RECORDS TO USE:

--------

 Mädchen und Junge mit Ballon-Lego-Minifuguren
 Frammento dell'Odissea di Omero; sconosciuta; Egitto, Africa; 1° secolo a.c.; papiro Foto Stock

--------

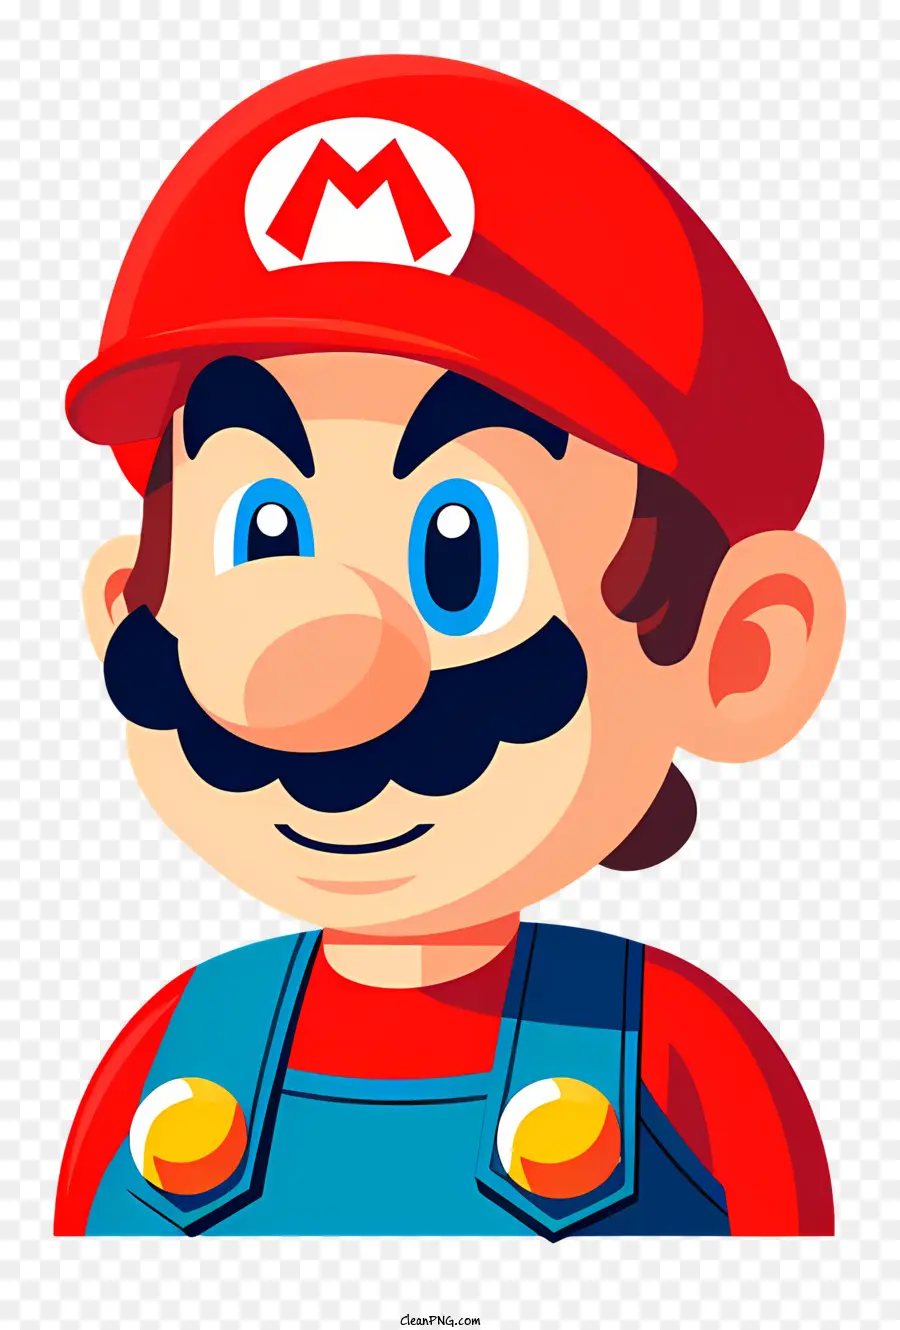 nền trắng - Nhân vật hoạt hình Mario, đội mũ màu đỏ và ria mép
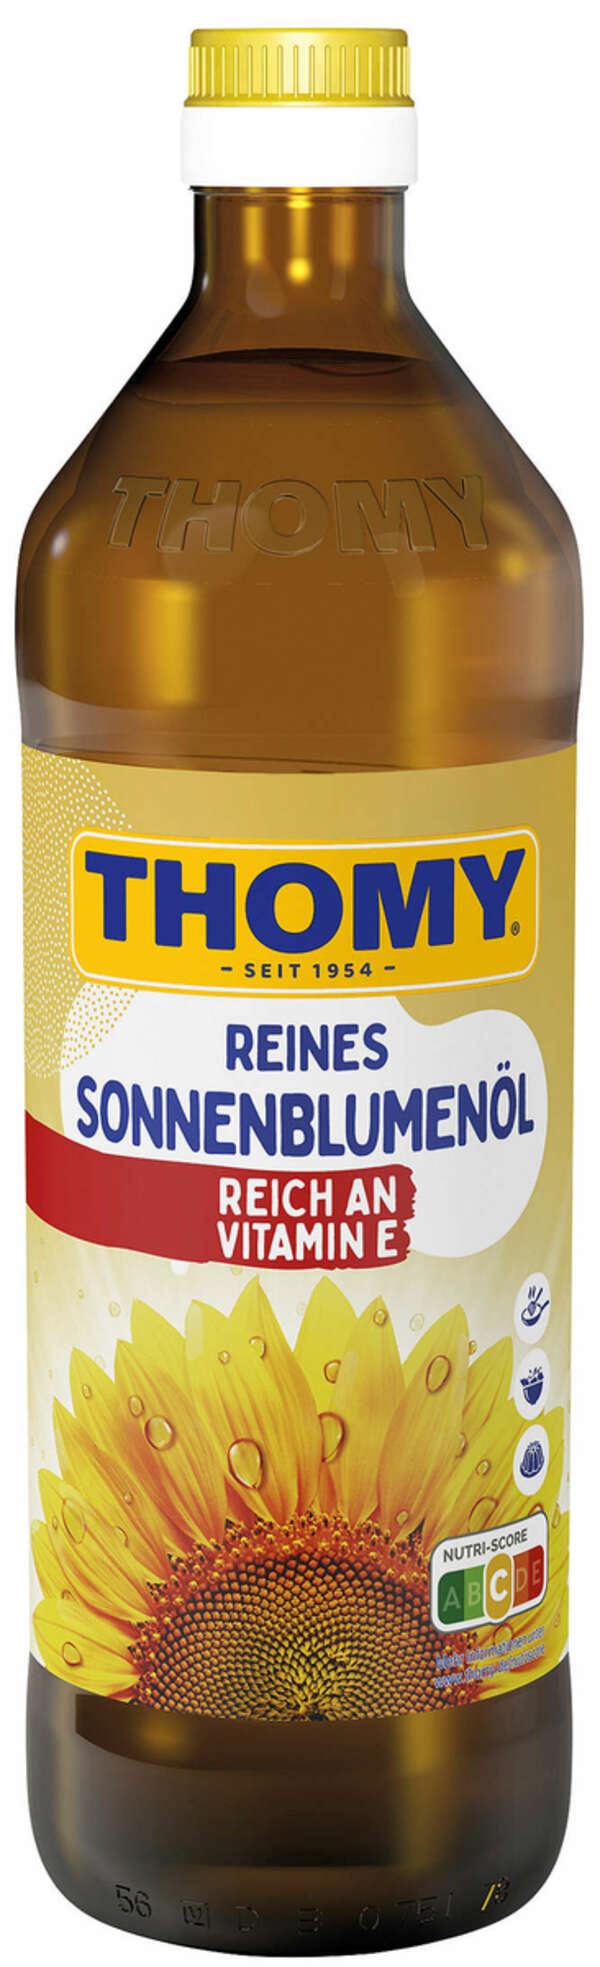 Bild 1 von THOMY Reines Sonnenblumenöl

--------

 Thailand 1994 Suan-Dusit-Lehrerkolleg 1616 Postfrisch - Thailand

--------

PROBLEM:
With pictures excluded, reproduce exactly the lines above from the one containing "nền trắng - Nhân" down to the one containing "Bild 1 von THOMY Reines Sonnenblumenöl", those two included.

ANSWER TO THE PROBLEM:
 nền trắng - Nhân vật hoạt hình Mario, đội mũ màu đỏ và ria mép
 Bild 1 von THOMY Reines Sonnenblumenöl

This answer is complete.